Actions

Category

Category:OntologySummit2023

Ontolog Forum

Revision as of 19:15, 15 December 2022 by KenBaclawski (talk | contribs)

Ontology Summit 2023

Open community ontologies are increasingly important for science, driven in part by the FAIR data principles which rely on semantic technologies and ontologies and growing commitment to data sharing from granting agencies and publishers.

To a large degree the 15 FAIR guiding principles require enhanced semantics for machine-actionability (i.e., the capacity of computational systems to find, access, interoperate, and reuse data). Often the semantic aspects of FAIR are particularly difficult for scientists. In practice the development, maintenance, coordination, and use of ontologies (along with other semantic resources) in science can be complex involving an interconnected web of tools, methodologies, standards, various knowledge artifacts and community practices, at the intersection of science, software development, and information management.

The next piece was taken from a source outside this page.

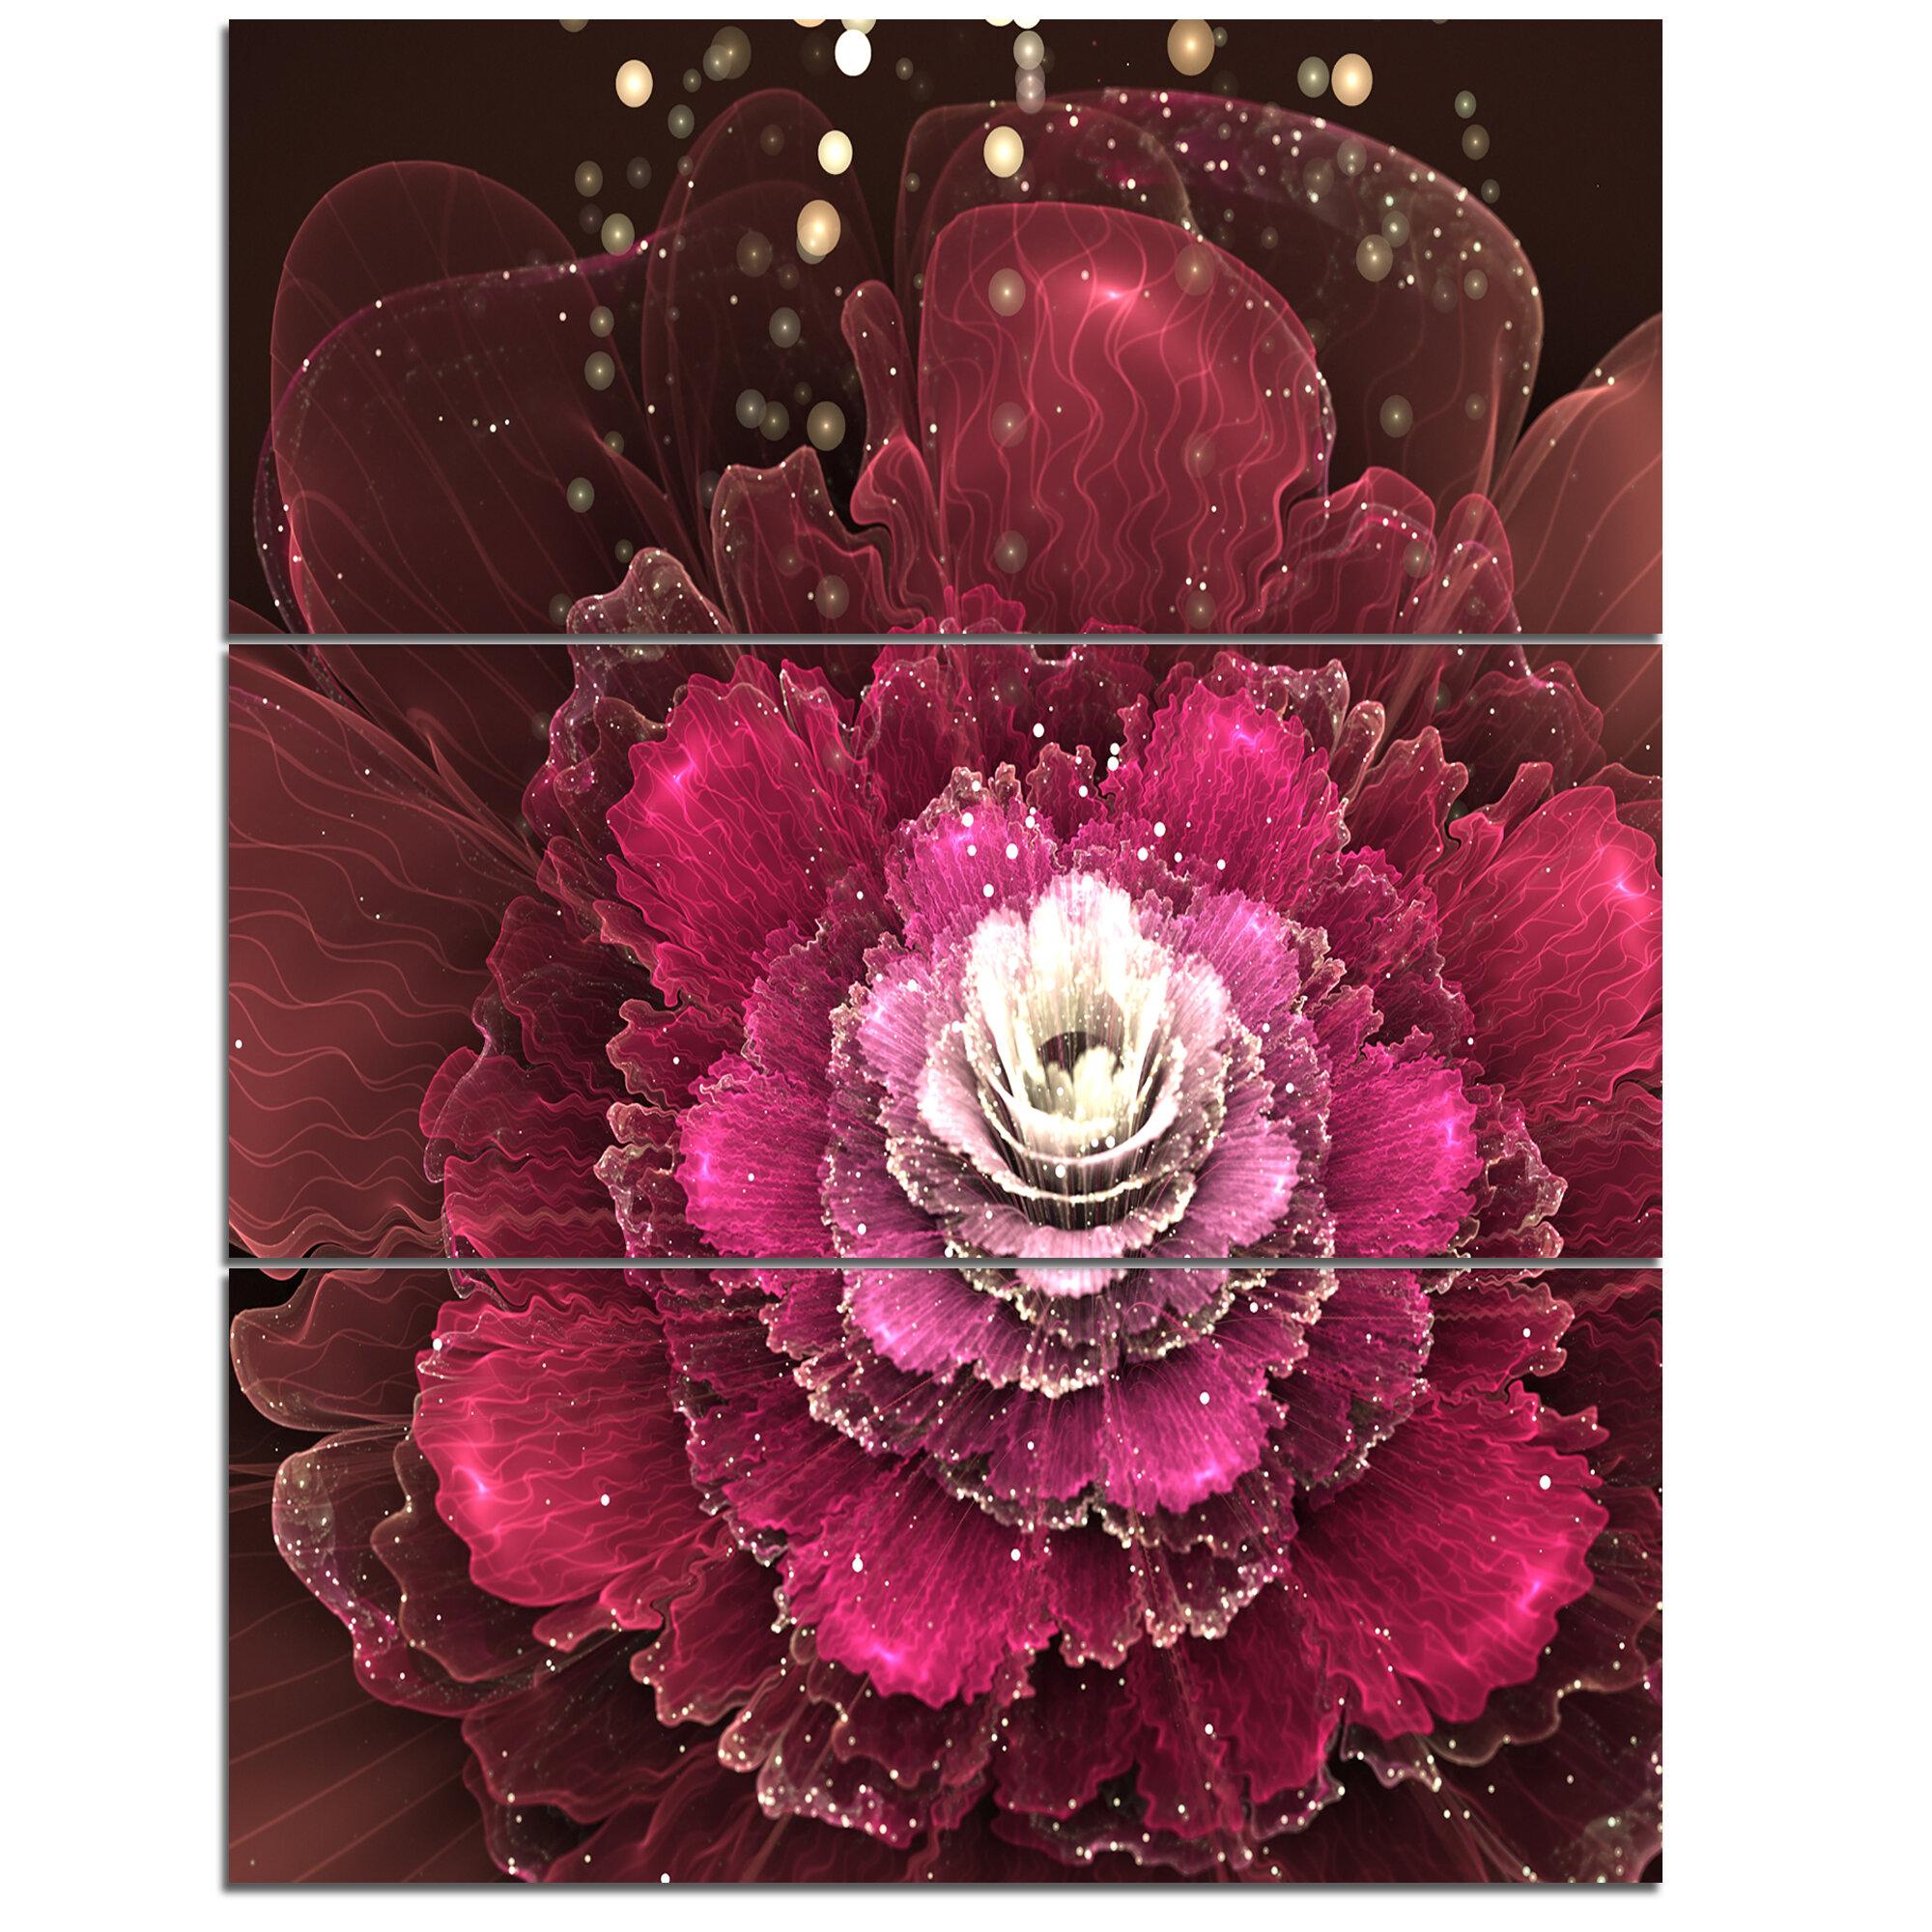 Designart Fractal Red Rose Flower 3 Piece Graphic Art On Wrapped Canvas Set Wayfair

However the semantic community understands how to handle some of these challenges and is actively engaged in making the use of semantic resources, especially ontologies easier to use.

In this Summit we will ask how to help scientists & researchers make better use of ontologies, and look for answers from a variety of perspectives. The first half of the Summit will draw examples from the Open Bio Ontologies (OBO) community, followed by a panel to discuss and help digest issues raised in the first half. Following this the second half branches out to other communities, disciplines and practices such as modular approaches to ontology development. Along the way we will consider: specific tools, and associated methods and standards, including:

  • Upper level domain reference models such as COB in the BioMedical area;
  • ROBOT and Ubergraph (knowledge graph); aided by standards such as SSSOM;
  • General approaches such as ontology design patterns;
  • Points of convergence such as the Ontology Development Kit;
  • "Carrots and sticks" such as automated quality metrics and dashboards;
  • Making the use of multiple ontologies easier through improved integration;
  • The Comprehensive Modular Ontology IDE (CoModIDE) and more.

Along with best practices and lessons learned, we will have a panel to discuss current pain points and opportunities for improvement, with an overall goal to share knowledge across the larger ontology community.